Their families should be offered information and support, teaching not to react with feelings of guilt or accusations, but taking them to be able to face two diseases interact.
What are the key factors in effective integrated treatment?
There are several key factors in an integrated treatment program.
The treatment can be approached in stages. The first step is to establish a relationship of trust between the user and the operator. This helps to motivate the user to learn the skills for active control of their emotions and focus on the objectives.
In addition, a relationship of trust supports the user to keep on track and avoid relapse. The program is customized for each individual.
Effective treatment includes motivational interventions, which, through education, support and counseling, helps make people able to recognize their goals and to learn self-management of the disease.
Of course, counseling is a key component of services for dual diagnosis. The counseling helps to develop replicable positive examples, as well as to promote cognitive and behavioral. The advice may be in the form of individual therapy, group, or family, or a combination of these.
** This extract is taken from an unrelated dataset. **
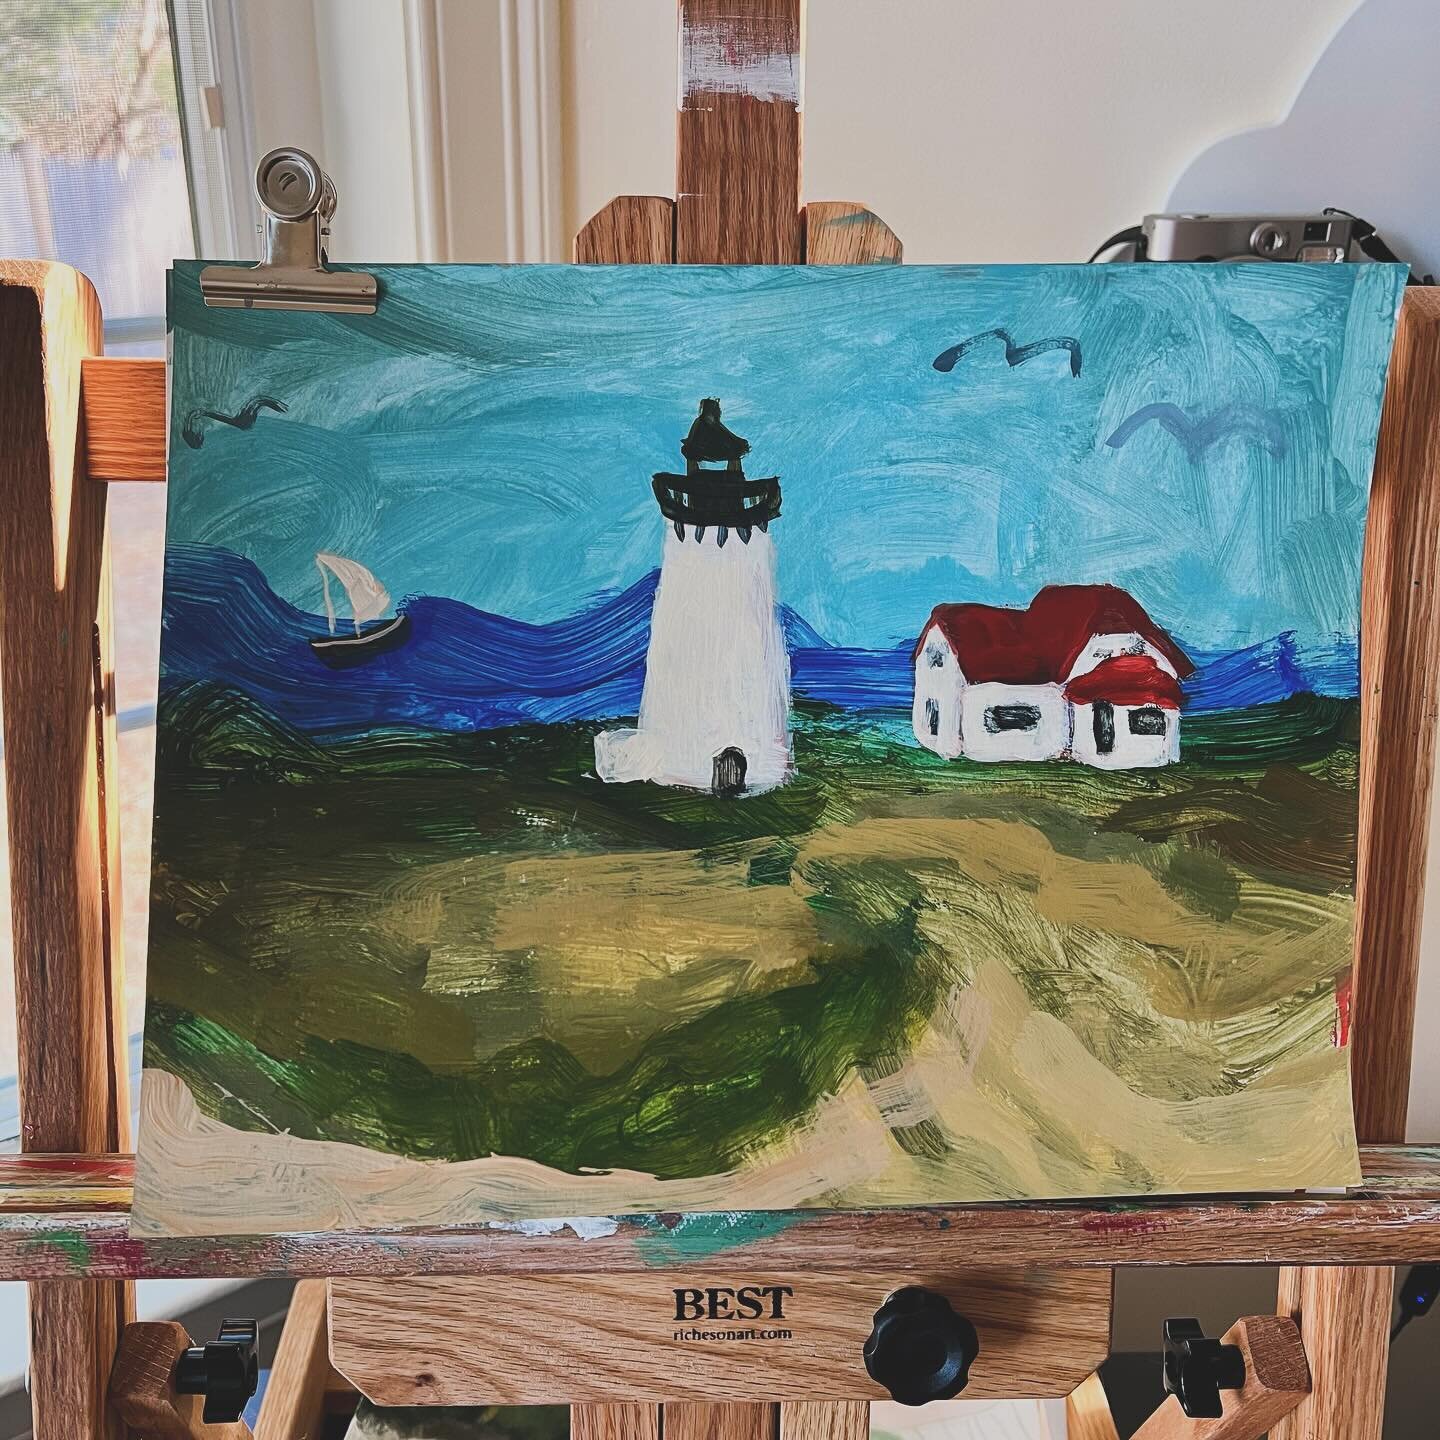 Loosening up! This was a fun one for sure. Race Point Lighthouse - Cape Cod 🐟

#newenglandartist #newenglandart #loosepainting #landscapepaintings #ontheeasel

The person's social support is crucial. The environment has a direct impact on his decisions and his mood, so users need help to develop positive relationships and eliminate negative behaviors.
The programs provide an integrated treatment effective in the long-term hospitalization in a community that can take several months or more probably a few years. The improvement is slow even with a program of intense treatment. However, this approach prevents relapses and enhances the benefits for the user.
To be effective, a treatment program for dual diagnosis must take into account the many aspects of life: stress management, social relationships, work, housing problem and activities. These programs address the problem of substance abuse and mental illness and provide solutions to both diseases simultaneously.
Finally, effective integrated treatment programs must be sensitive to cultural differences and characteristics of the person. The various social categories such as immigrants, the homeless, women with children and others should benefit from services tailored to their particular racial and cultural needs.